Faduna, sept ans, disparue
Un après-midi d’hiver, une fillette de sept ans quitte l’école et ne rentre pas. Ce point de départ, Johanne Seymour le pose avec une économie de moyens redoutable : pas de mise en scène spectaculaire, pas d’artifice dramatique. Juste l’absence, et le vide qu’elle creuse dans une famille. Faduna Hussein Ali, fille unique d’un couple somalien installé depuis peu au Québec, disparaît dans le quartier le plus multiculturel de Montréal, à la sortie de l’Académie Saint-Michel. Ce que l’auteure réussit avec subtilité, c’est de faire ressentir l’inquiétude qui monte graduellement, d’abord chez la mère Filsan, puis dans les rangs de l’escouade Cerbère, sans jamais forcer le trait.
Le portrait de Filsan Aayan Ali est l’une des réussites les plus sensibles du roman. Cette femme qui attend chaque jour sa fille sur le balcon, qui prépare des sambusas en pensant au bonheur simple d’un repas partagé, devient en quelques pages un être d’une présence bouleversante. Seymour construit son personnage par petites touches précises : un geste nerveux, une réaction que les enquêteurs ne savent pas encore comment interpréter, une douleur enfouie qui transparaît malgré elle. On comprend vite que derrière la disparition de Faduna se dessine quelque chose de plus complexe qu’une simple fugue d’enfant, quelque chose qui touche à l’intime de cette famille, à ce qu’elle a fui et à ce qu’elle croyait avoir laissé derrière elle.

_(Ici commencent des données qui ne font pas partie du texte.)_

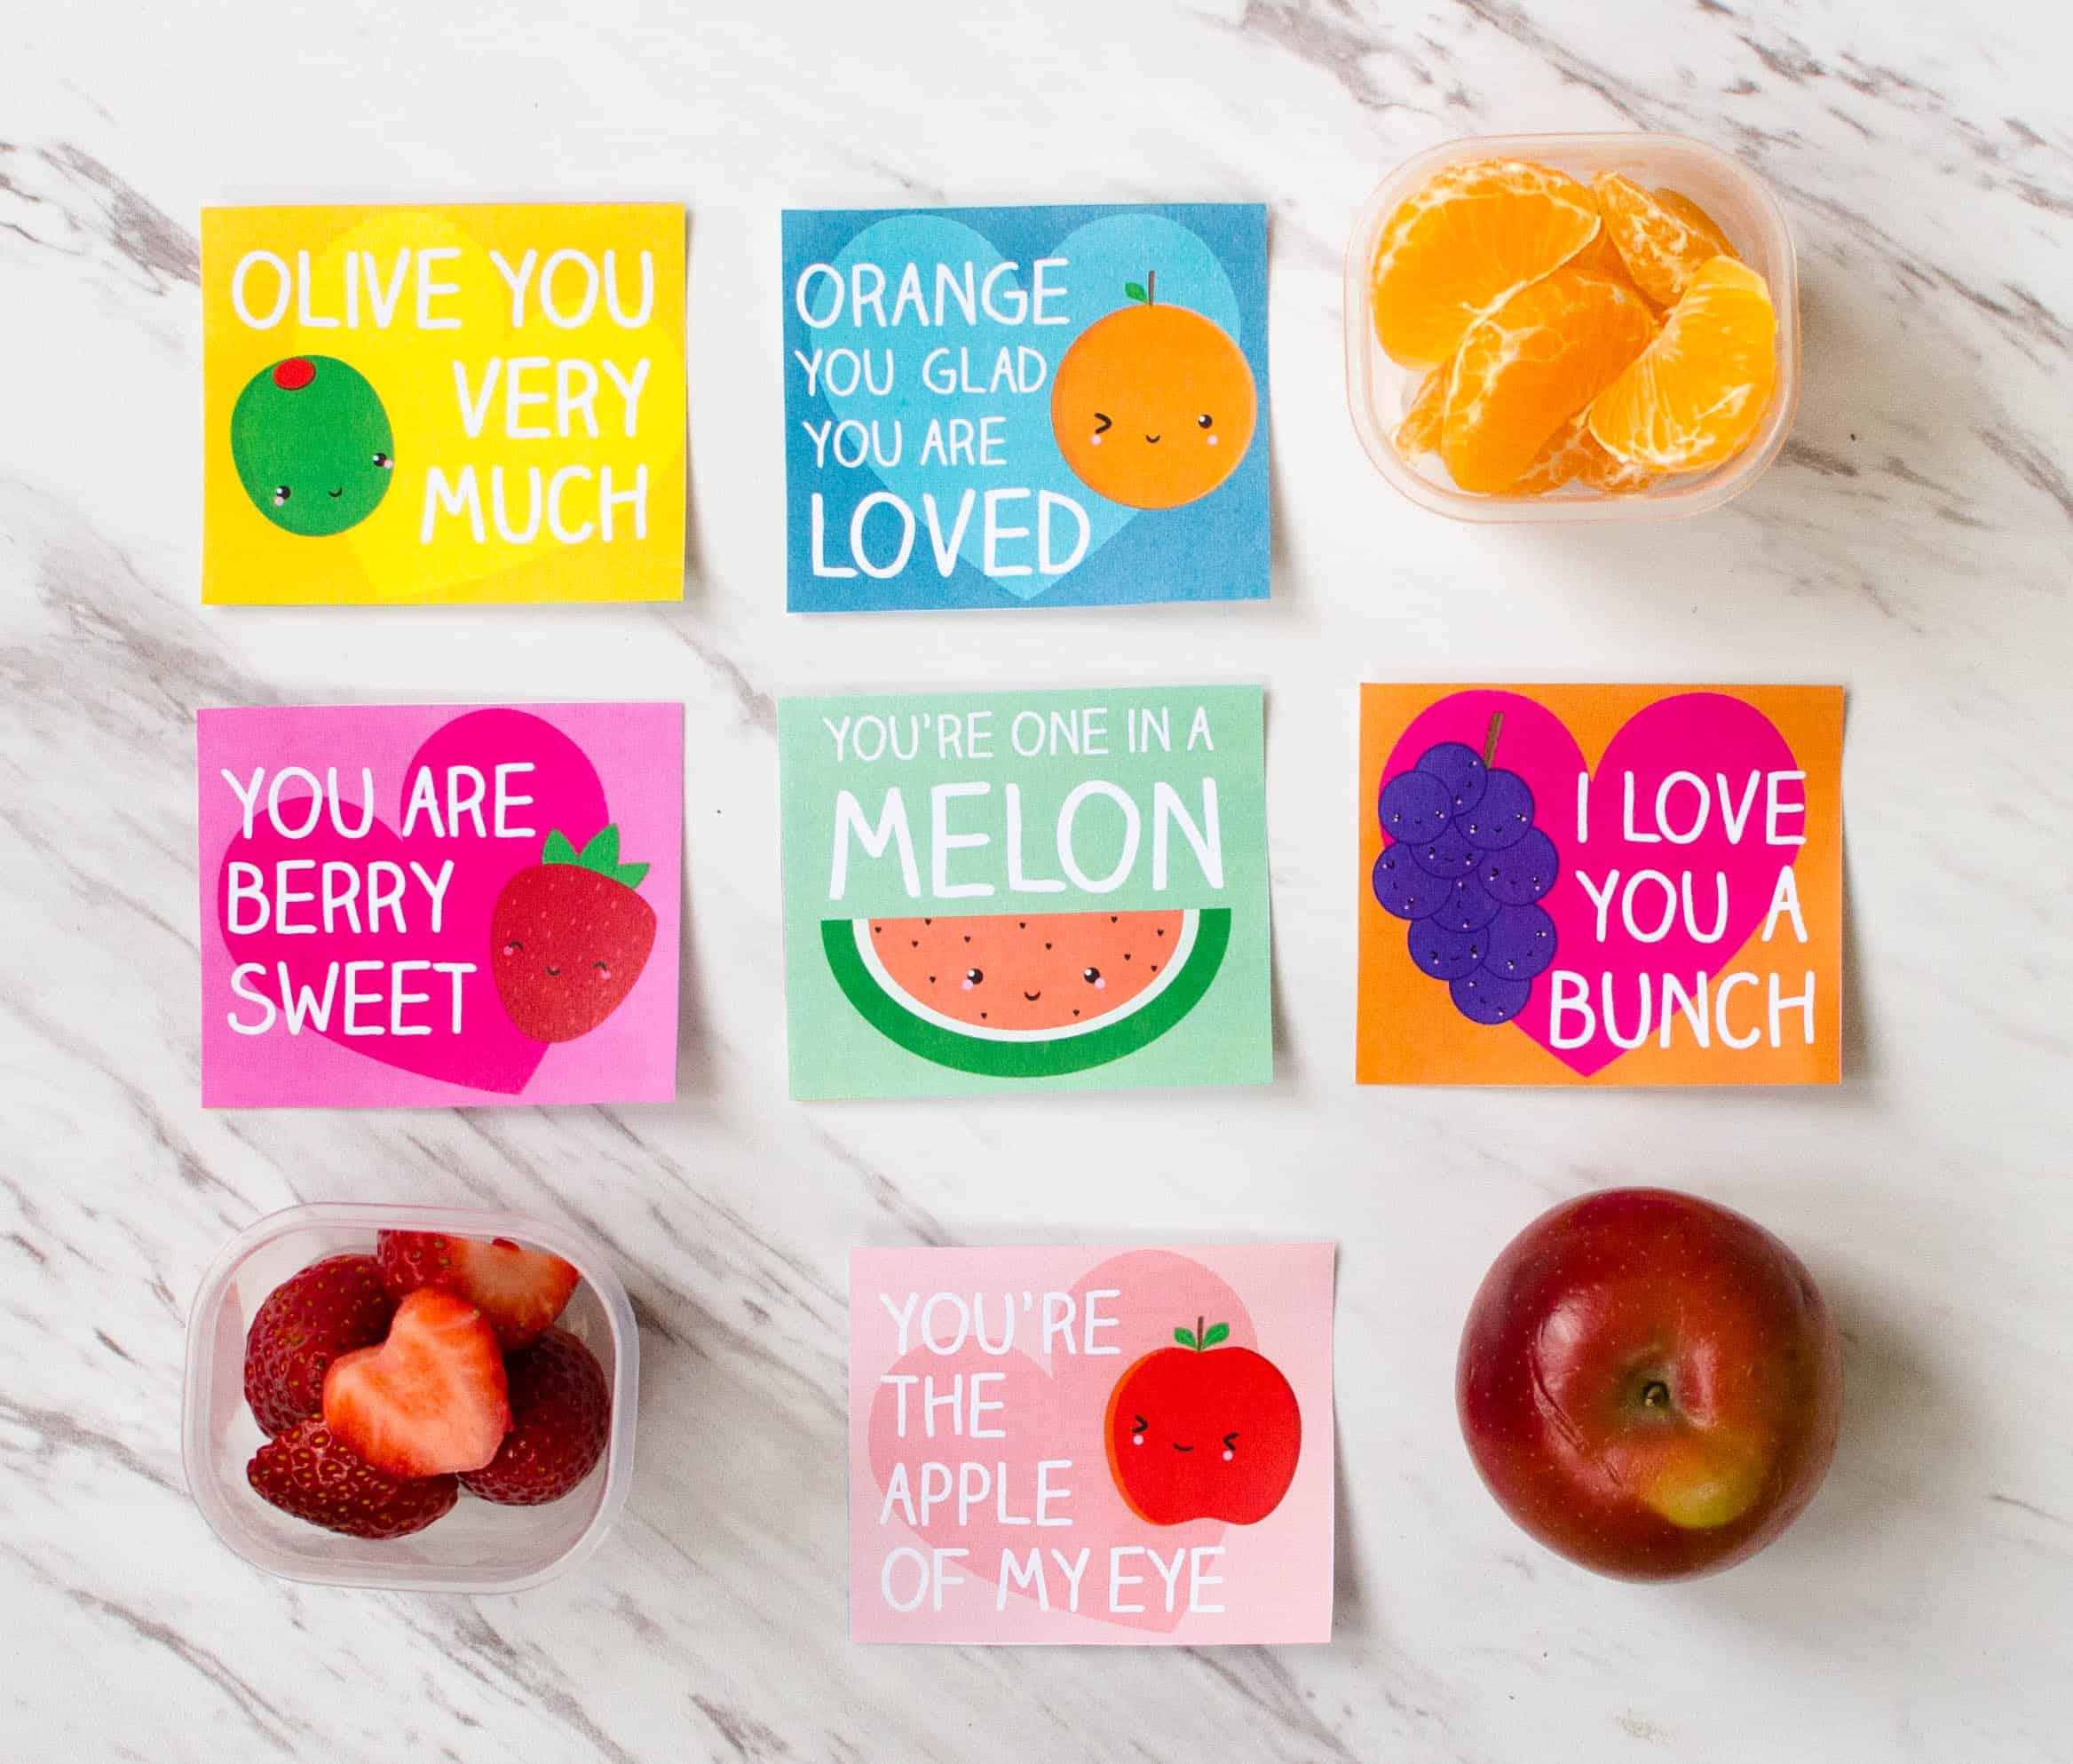 Super-cute free printable lunch box love notes for kids. Download and print these in time to slip them in your kid's lunchbox. #ValentinesPrintables #FreePrintable

L’escouade Cerbère prend l’affaire en main avec le sentiment d’urgence qui caractérise le roman : chaque heure compte, les statistiques sont impitoyables et Stéphanie Duquette le sait mieux que quiconque. L’enquête démarre sur plusieurs fronts simultanément, interrogatoires à l’école, vérification des déplacements du père, passage en revue du cercle social de l’enfant. Seymour excelle ici dans l’art de multiplier les points de vue sans perdre le lecteur, passant d’un personnage à l’autre avec une fluidité qui maintient la tension à un niveau constant. La disparition de Faduna n’est pas qu’un moteur narratif : elle est la colonne vertébrale émotionnelle autour de laquelle tout le roman s’organise.
Course contre la montre
Quarante-huit heures. C’est la frontière implicite que Johanne Seymour installe au cœur du récit comme une horloge dont on entendrait presque le tic-tac entre chaque chapitre. Au-delà de ce seuil, les chances de retrouver une enfant disparue s’effondrent, et la capitaine Duquette le répète à son équipe avec cette franchise froide qui est sa marque. Ce compte à rebours donne au roman son rythme particulier, une tension qui ne relâche jamais vraiment son emprise sur le lecteur. Seymour structure ses chapitres courts comme autant de petites déflagrations, chacun apportant un fragment d’information, une piste qui s’ouvre ou qui se referme, une fausse certitude qui vole en éclats.
L’auteure maîtrise avec habileté l’art de la fausse piste. Les enquêteurs avancent, reculent, réorientent leurs hypothèses au gré d’indices dont la signification leur échappe d’abord. Une image captée par une caméra de surveillance à Laval, une réaction inexplicable de la mère, un homme aperçu dans la cour d’école dont le prénom sème la confusion, des liens familiaux qui se révèlent plus compliqués qu’ils n’y paraissent : chaque élément du puzzle semble pointer dans une direction différente. Ce que Seymour parvient à faire, c’est maintenir le lecteur dans le même état d’incertitude productive que ses enquêteurs, tiraillé entre plusieurs lectures possibles des faits, sans jamais se sentir manipulé.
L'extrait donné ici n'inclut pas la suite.